Telecom Lessons for Washington

The mounting bad news has brought back painful memories of the bursting of the telecom bubble and spurred me to ask if there are any lessons learned from that experience that could be helpful to Washington policymakers.
As an industry analyst, I followed the bubble burst in great detail. I tracked the deterioration of Tier 1 carrier bond ratings, the unprecedented explosion in carrier bankruptcies, the loss of some 1 million industry jobs, and the 50 percent decline in annual wireline capital spending by carriers worldwide between 2000 and 2003. I counted more than 165 operators that defaulted on $220+ billion worth of debt between May 2000 and July 2002. My employer at the time went through 10 major job cuts, and 70+ percent of our workers were dropped from the payroll.
Despite the impact of all of this turmoil on the lives of millions of industry workers, family members, and investors, I never once heard talk of a federal government bailout or potential nationalization of a single carrier or telecom equipment provider. Everyone understood that the route to industry recovery – no matter how painful it might be – would involve working through the bankruptcy and restructuring process and ultimately adopting better business practices.

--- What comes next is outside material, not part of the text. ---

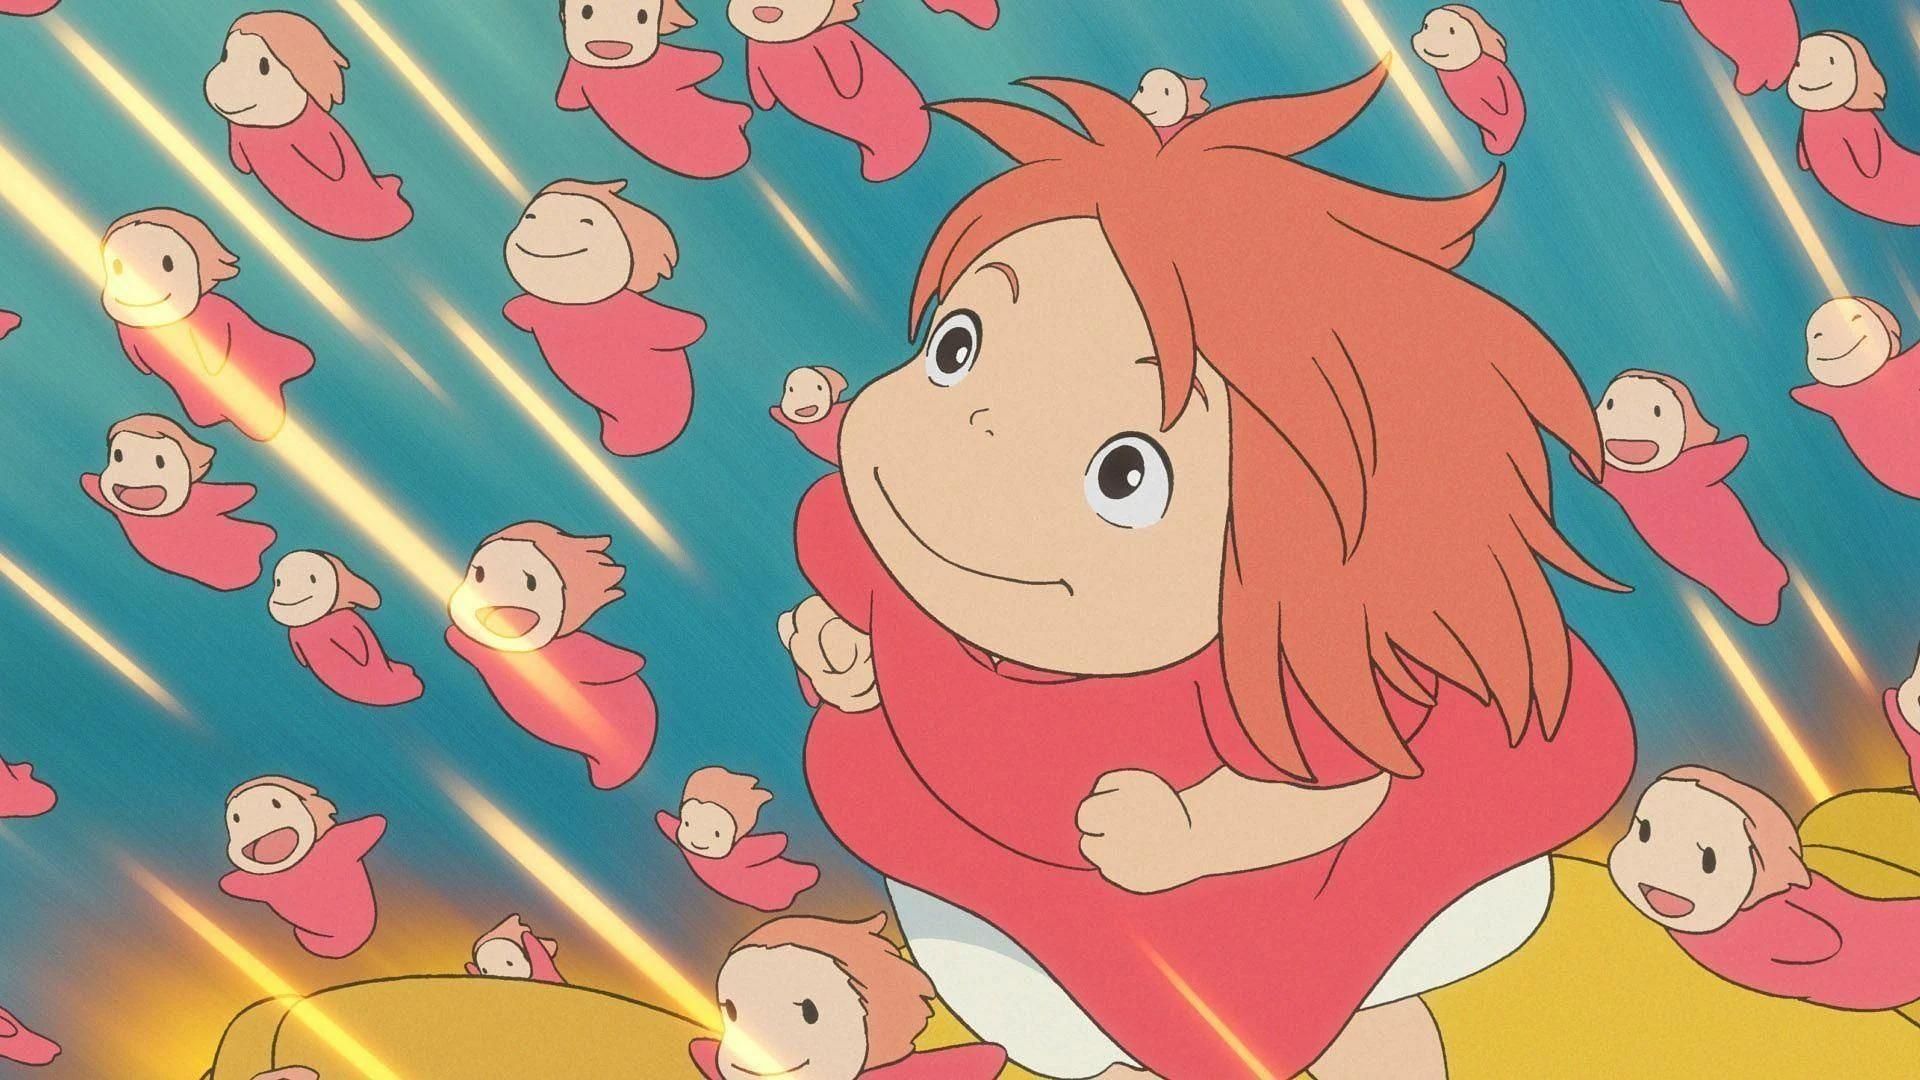 Ponyo (Image via Studio Ghibli)

The telecom industry that has emerged from the bursting of the bubble is one of the most competitive, vibrant, and healthy parts of the global economy today. Our industry provides the digital fuel that drives innovation and productivity up and down the economy, and it touches every life like never before.

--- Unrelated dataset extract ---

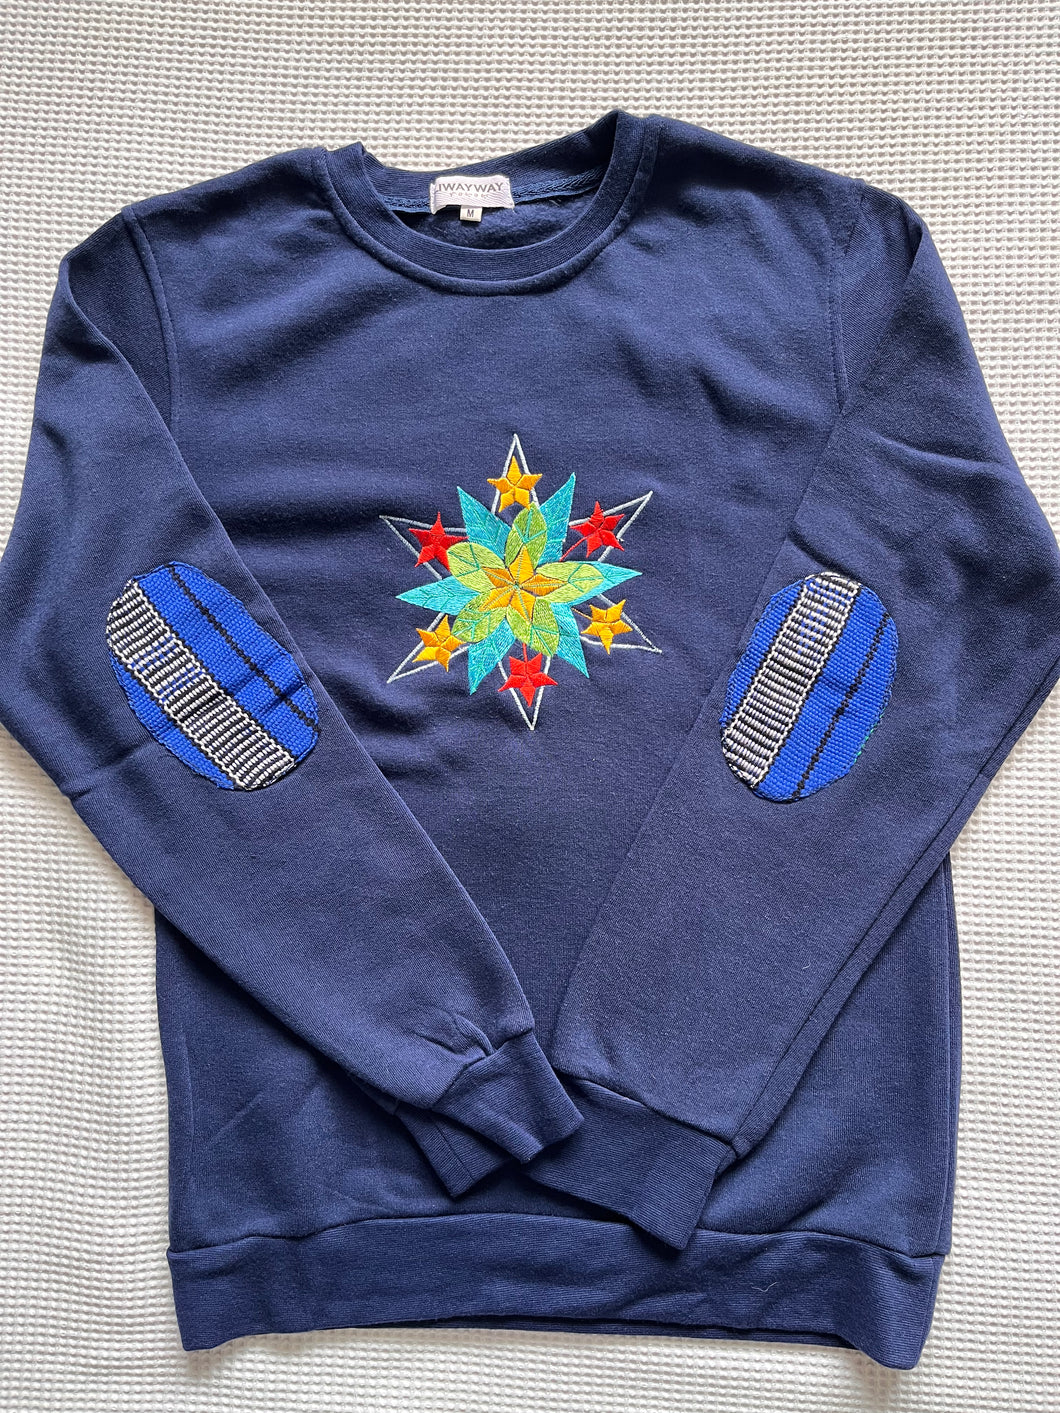 Parol blue sweaters 55 size M

Our industry recovered with greater stability, not because the White House and Congress decided to pick the winners and losers. We recovered not because we saddled future generations with debt so that the government could throw tens of billions of dollars our way to help us get back on our feet.
We recovered in a healthier position because Washington kept its hands off private assets and limited its role to establishing and enforcing the rules under which everyone would operate. We recovered because we collectively had the courage to let free-market principles play out.
— Stan Hubbard, Senior Analyst, Heavy Reading
A nationalized company is not normally operated "by" the government. A government agency (treasury) decides who's in charge. It could be a receiver, or it could be a creditors' committee, or a debtor, or they could leave management in place subject to court supervision.
So that's why I'm trying to figure out: What exactly was Stan's objection?
Because bank nationalization has strongly resembled bankruptcy (+ recapitalization) in the past (esp in Sweden).